I began taking classes online, with local writing groups, joined local writing groups, attended conferences, took college courses online on editing, revising, romance writing, I bought dozens of books on writing and read them.  I took notes, I wrote in the margins of my work and began to learn more about the tools of the craft I love. I have begun many different stories and then abandoned them, or just fiddled with them over time. Over the years, I rewrote that pantsed-paranormal novel. I backwards mapped. I wrote an outline out of my story onto index cards, they almost covered the floor of an entire small room. I worked with the plot, got rid of cards, combined cards, made a better plot and then rewrote it. I mostly rewrote the beginning, and middle, and end. Then I rewrote it again.  Again, I sent out less than a dozen query letters and all were rejected. I was sensing a pattern. 

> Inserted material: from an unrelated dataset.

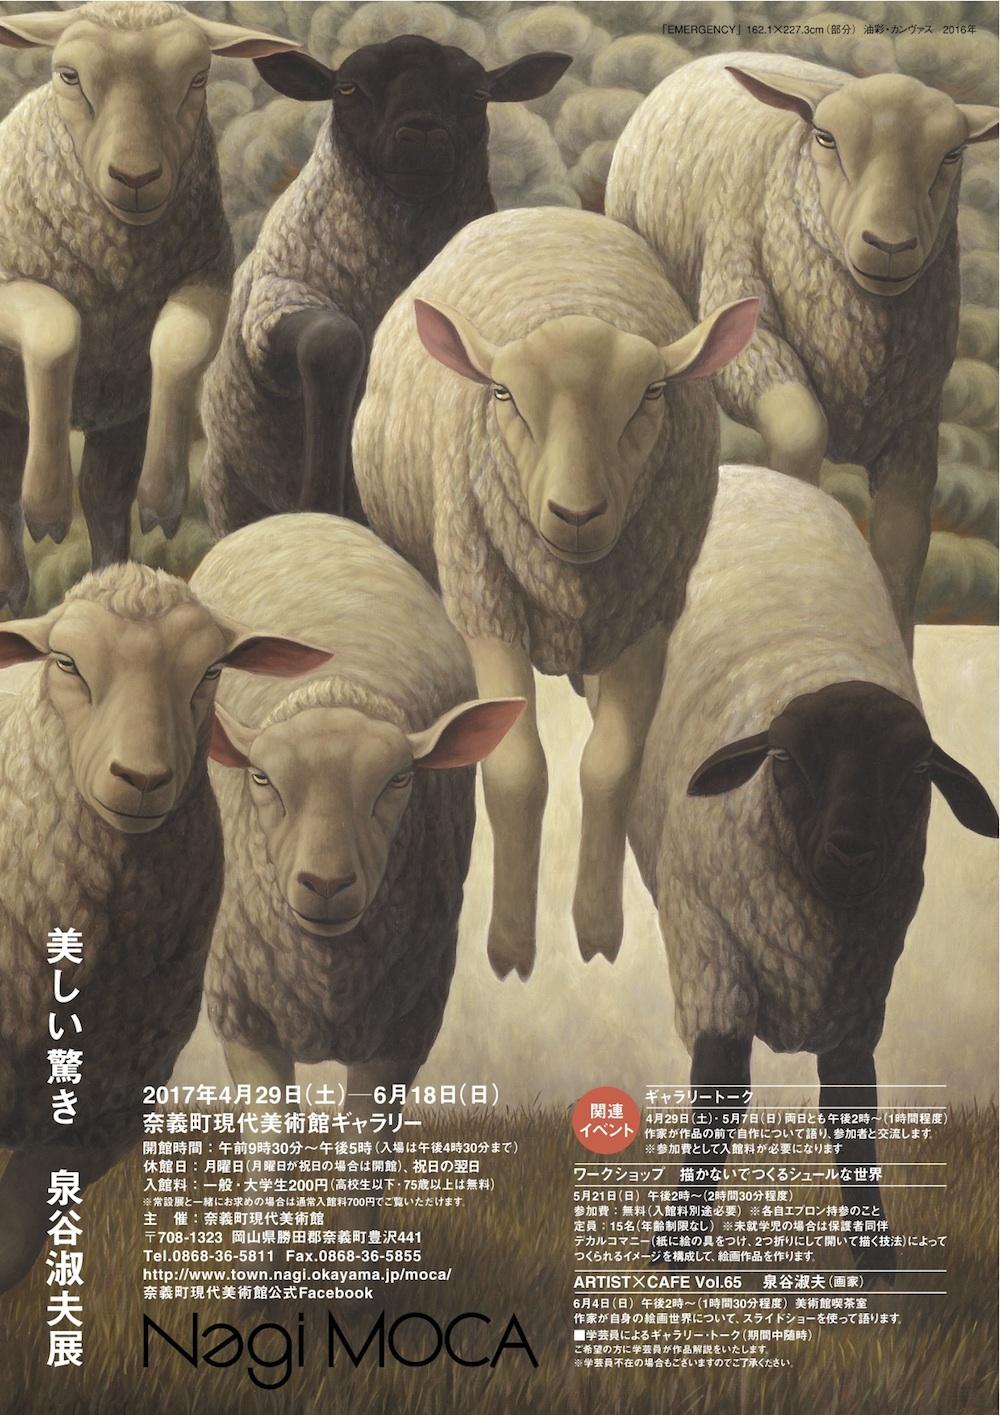 【個展】美しい驚き 泉谷淑夫展 2017 @NagiMOCA [2017.04.29-06.18]

I got stuck in a perpetual rut of editing and revising and not calling an end to my work. Then I would barely touch a toe in the publishing world before pulling back and starting on a new project.  Sensing a pattern is very different from changing a pattern, so I continued.
I went on vacation with my family to the San Juan Islands. The instant the ferry horn bleated through the misty harbor at our arrival, I felt the romance of the island. On a visit to the American Camp and British Camp, we learned about the Pig War and immediately, an idea struck.  This historical setting was ripe for romance. I could see it all, almost the entire book in a vision of an American homesteader falling in love with his British neighbor.  Star crossed lovers, my favorite. I began writing on vacation, and I still am.  That rough draft began five years ago and I am now editing the rough draft for book two in the series while plotting out the other three. I still feel passionate about the story, even many years later, I am not letting it go.  I’ve begun querying for that first historical romance novel, while continuing to polish it. I can’t seem to let that go either. That sentence doesn’t pop. That description is awkward. That scene didn’t strike the chord I was going for. It can always be better.
The process of writing will always be my joy. It would be nice to have an agent and to publish, but I have to admit I’m not chasing that as hard as I possibly could. Every denial is motivation to improve. It says to me, okay, do better. So I just keep writing.